One of the coolest things you can witness while watching live baseball is the so-called splash hit.

It’s also one of the rarest events to experience at the ballgame.

Splash-making home runs are of course only possible at the ballparks that are next to a body of water.

The most famous among those are the PNC Park in Pittsburgh, next to the Allegheny River, or Oracle Park in San Francisco, which sits next to the McCovey Cove.

Besides, there are several Minor League and amateur baseball fields that also provide their visitors a chance to witness splash hits.

Watching these majestic homers fly over the wall and into the river or the sea, one can’t help but wonder what happens to those balls.
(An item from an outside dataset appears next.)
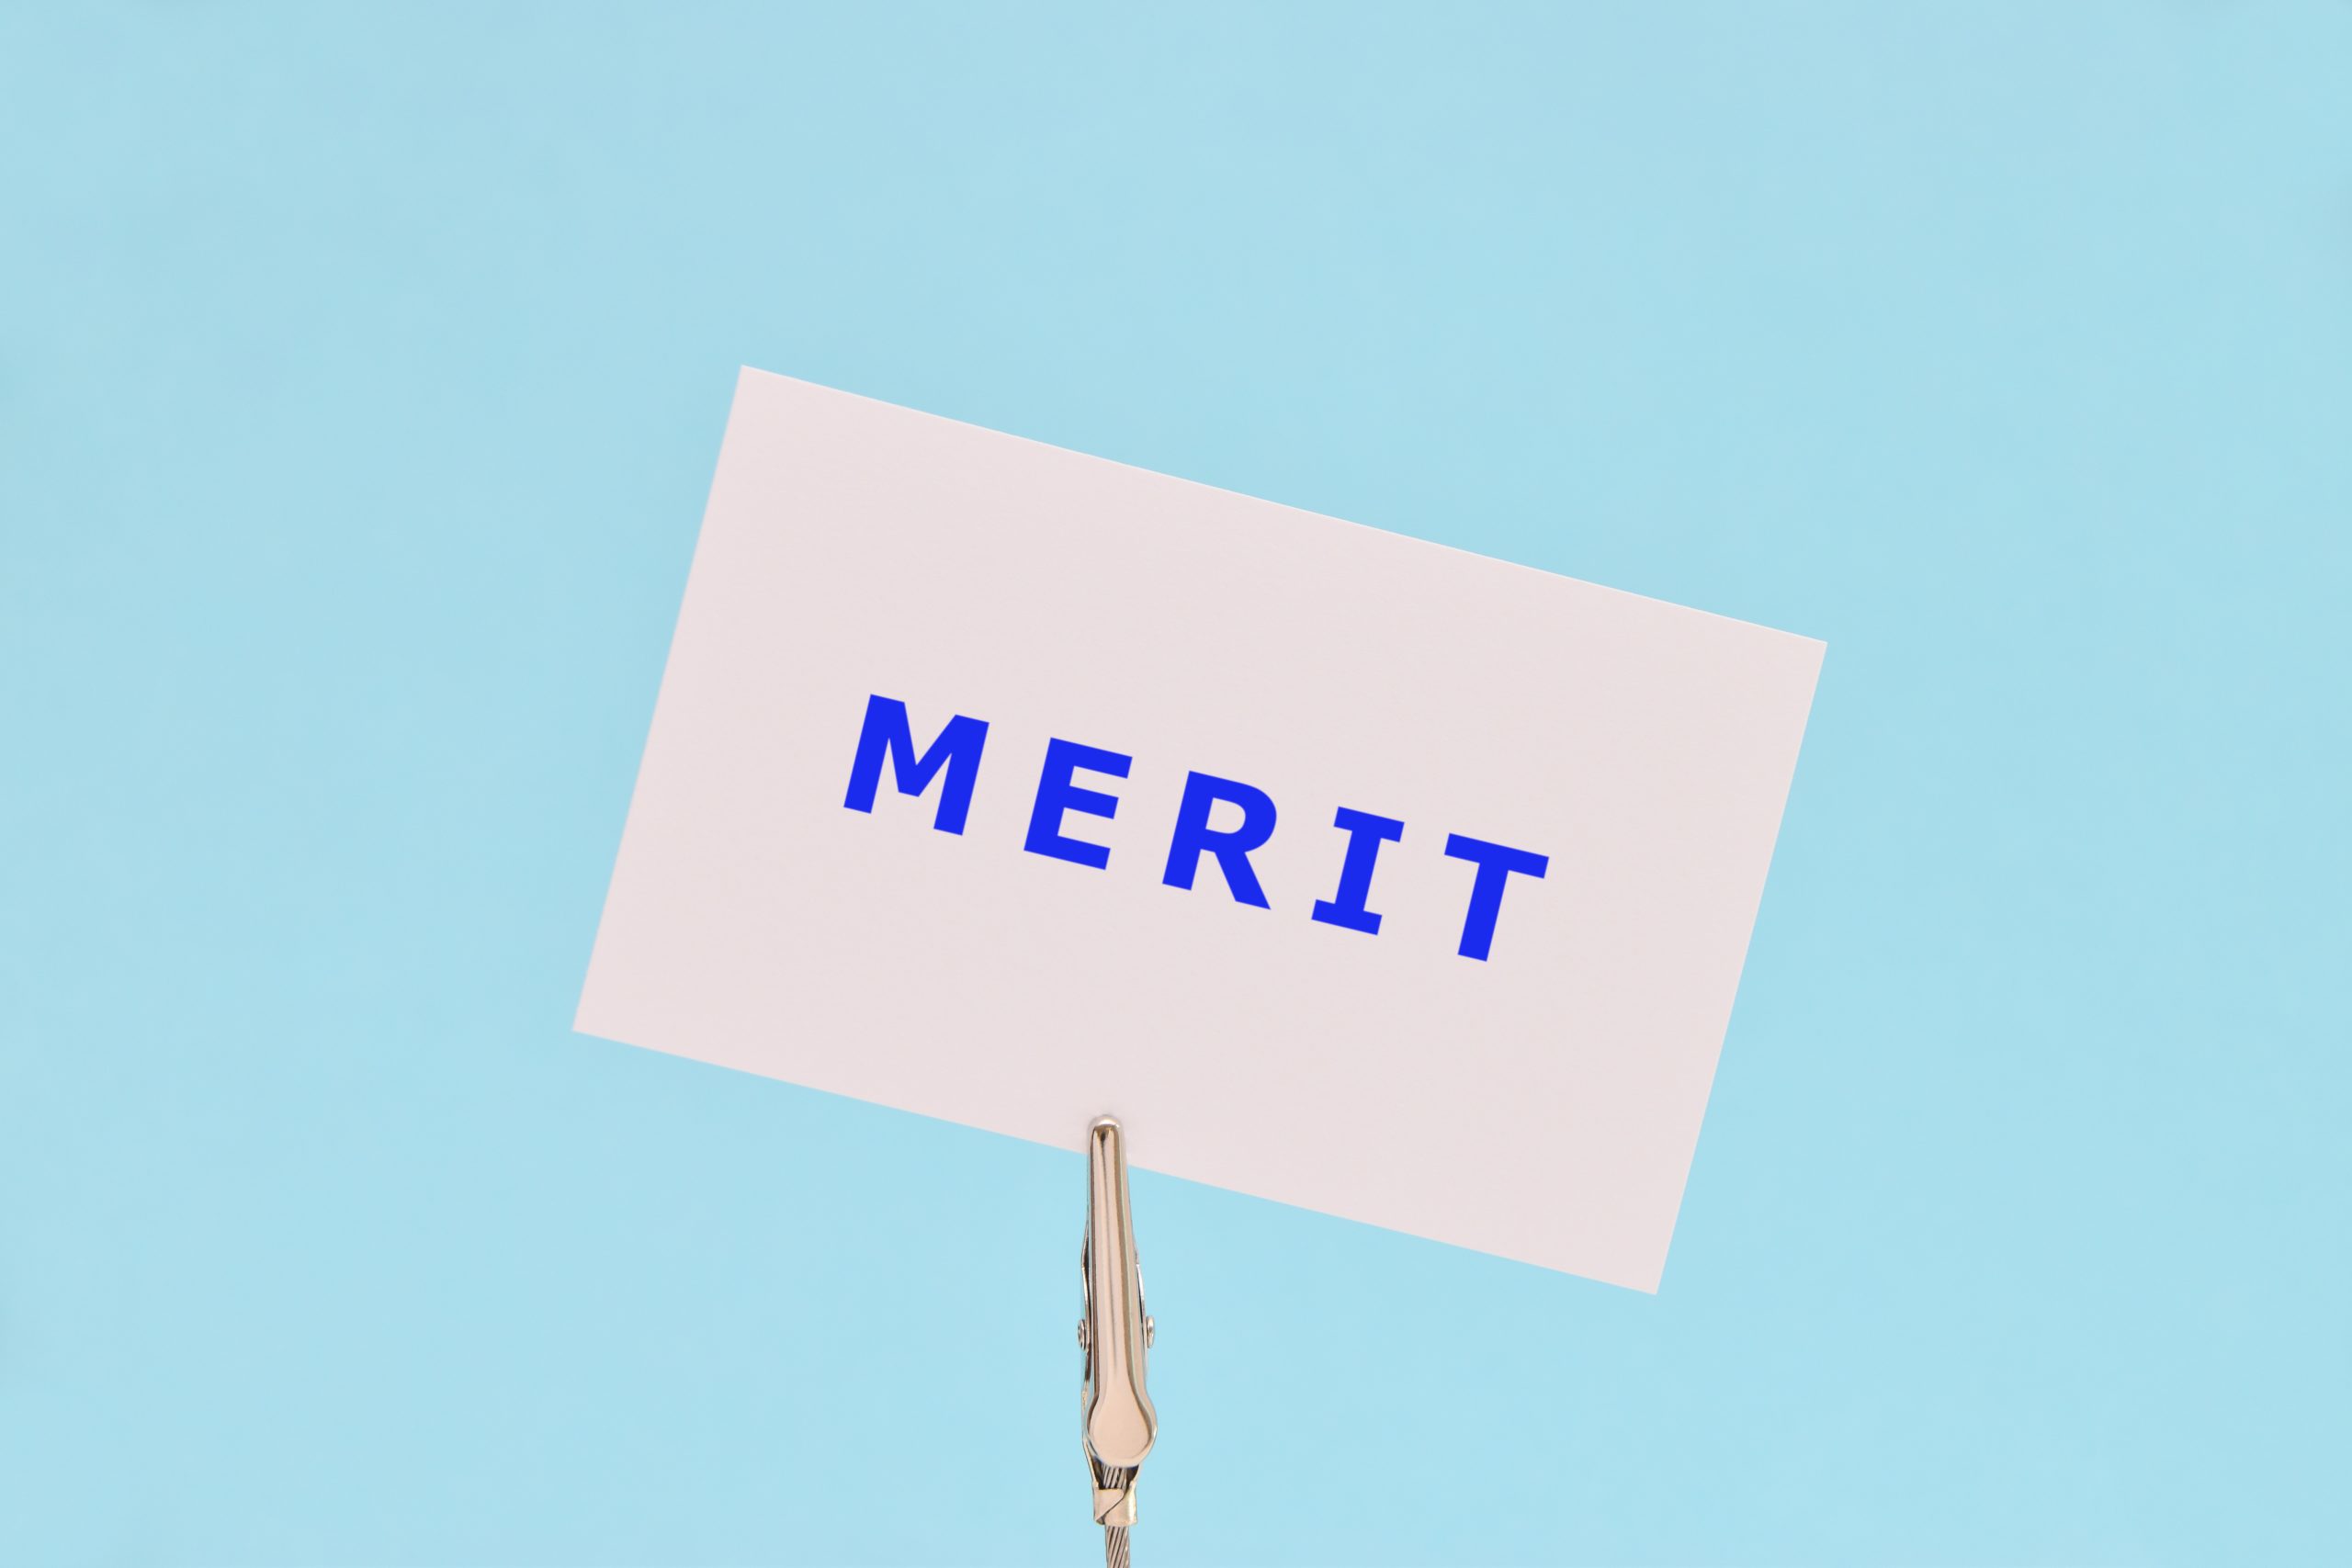 水色の背景に青い字でMERITと書かれた紙のイメージ

Do baseballs float or sink?

Below, I’ll try to answer that question and explain what happens to a baseball once it hits the water.

Do Baseballs Float?

If you’ve ever watched a game from Oracle Park or PNC Park on TV or maybe just checked the splash hits highlights on YouTube, you’ve probably noticed people in kayaks or even swimmers in the water next to these ballparks,

As soon as the homer starts heading for the water, these people race to reach the ball and get themselves a cool souvenir.

Some years ago, teams even had trained dogs, retrievers mostly, who would swim and retrieve the ball from the water.

If the ball sank immediately, this wouldn’t be possible. So we know for a fact, because we can see it with our own eyes, that the baseballs float in water.

However, these souvenir hunters pick the ball up almost immediately, so we only know that the ball initially floats, but not for how long.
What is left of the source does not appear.